No one person is necessarily better than another at helping the bereaved; we all have something to offer and are learning constantly. Offering someone a sympathetic ear, listening to what they have to say and having time for them can be immensely helpful. We can convey our concern by emotionally interacting with the grieving person, by being congruent and by giving of ourselves. Through the process of expressing feelings about the person who has died, emotions are validated and support can be gained.
Listening to others means using all of our senses to pick up on what the person is communicating, both orally and subliminally. Listening involves much more than just what we are hearing.
- We need to listen with our ears, listening to the words, the tone of voice and the feelings being conveyed
- We need to listen with our eyes, observing body language and facial expressions. Maintaining regular eye contact lets the other person know we are concentrating on what they are saying
- We need to give our undivided attention to the other person and notice not only what is being said, but also what is NOT being talked about.
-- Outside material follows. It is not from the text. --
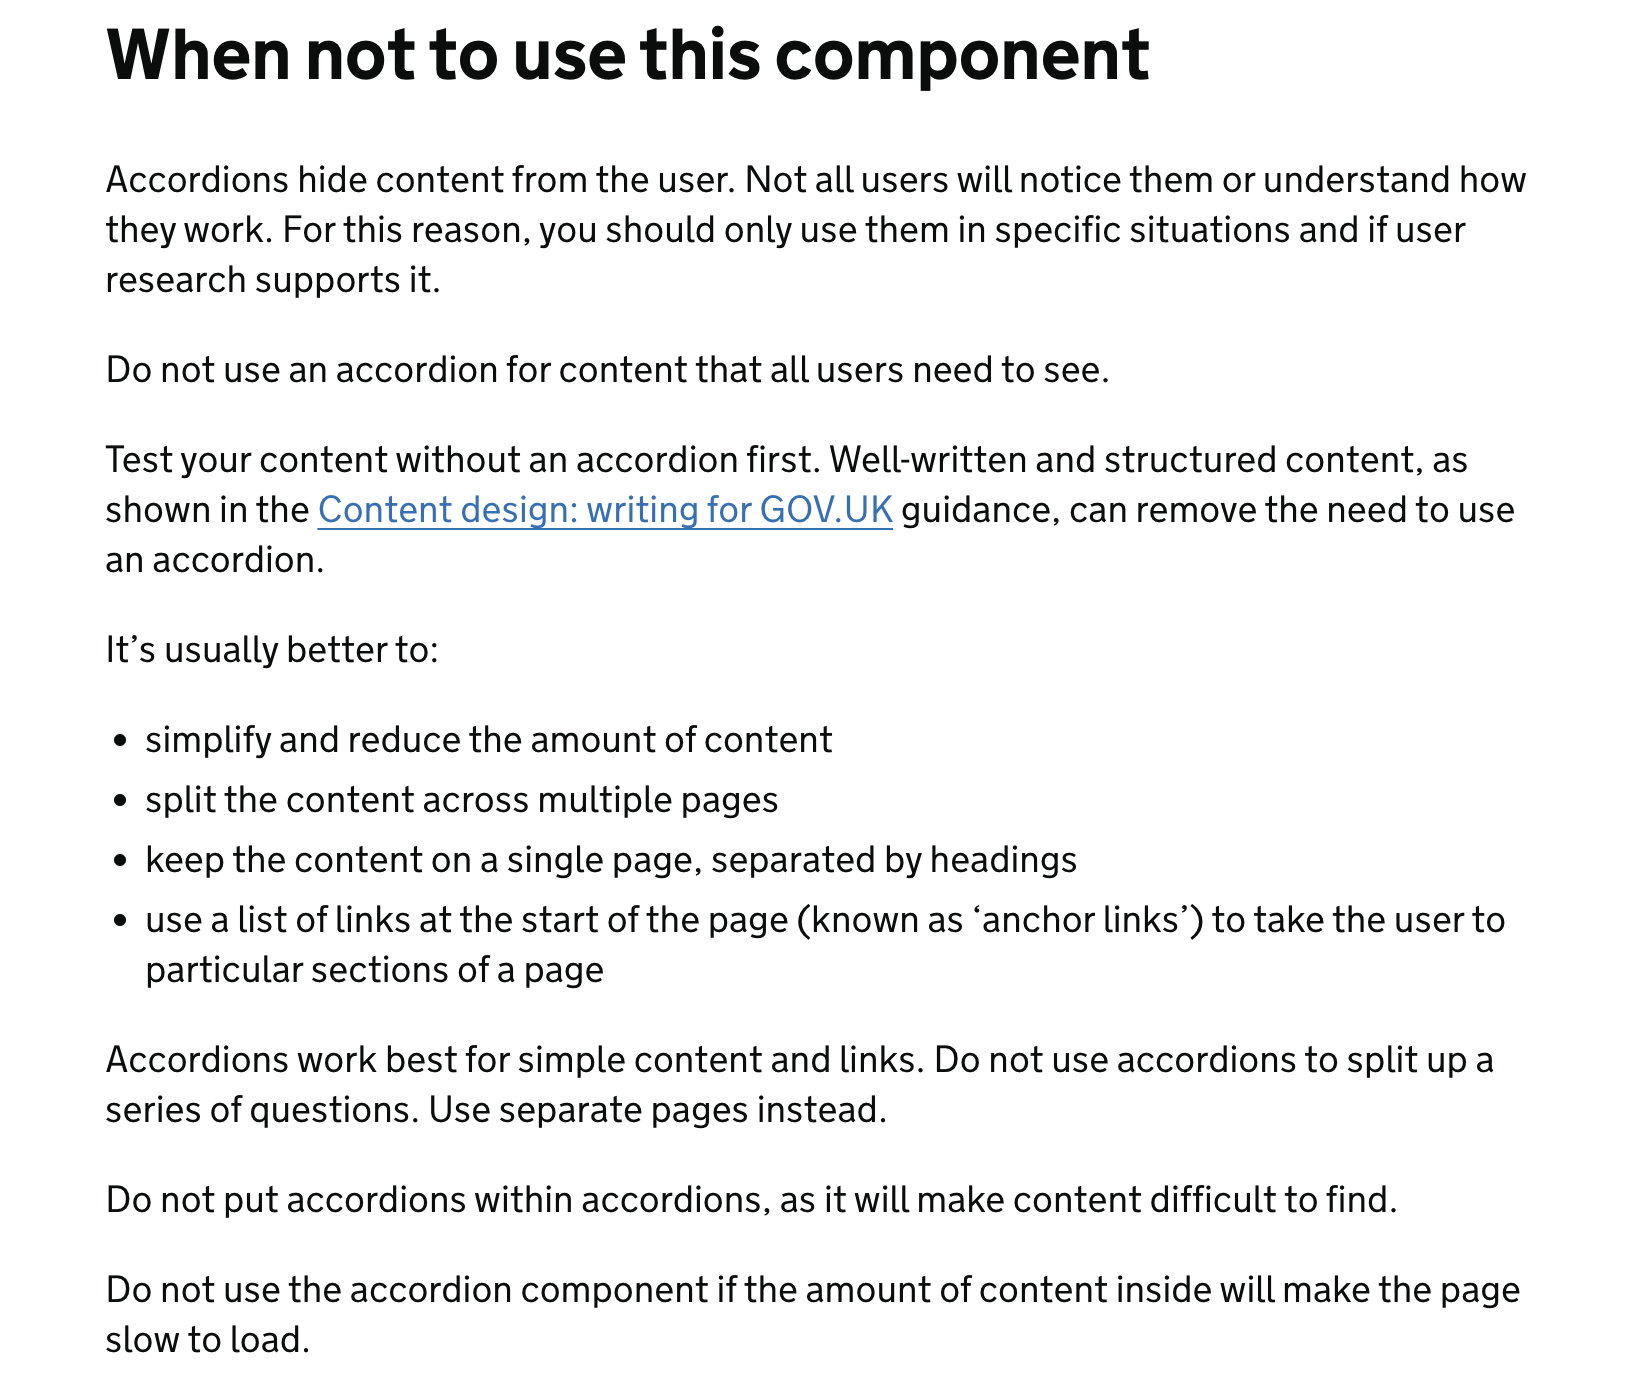 When not to use this component Accordions hide content from the user. Not all users will notice them or understand how they work. For this reason, you should only use them in specific situations and if user research supports it.  Do not use an accordion for content that all users need to see.  Test your content without an accordion first. Well-written and structured content, as shown in the Content design: writing for GOV.UK guidance, can remove the need to use an accordion.  It’s usually better to:  simplify and reduce the amount of content split the content across multiple pages keep the content on a single page, separated by headings use a list of links at the start of the page (known as ‘anchor links’) to take the user to particular sections of a page Accordions work best for simple content and links. Do not use accordions to split up a series of questions. Use separate pages instead.  Do not put accordions within accordions, as it will make content difficult to find.

By setting time boundaries we create a safe environment and enable the other person to know how long they can expect us to spend listening to them so that the interaction doesn't end abruptly
- We need to listen with our heart, communicating our interest and empathy by our tone of voice and body language
- We need to use all of ourselves to connect with the other person, to ensure there is two way communication
Learning how to listen effectively is a skill. Active listening requires that the carer is truly self aware and has explored and managed their own feelings. When we have given time to listen to ourselves and our innermost feelings, then we are more available to focus on another without our own feelings intruding and breaking our concentration.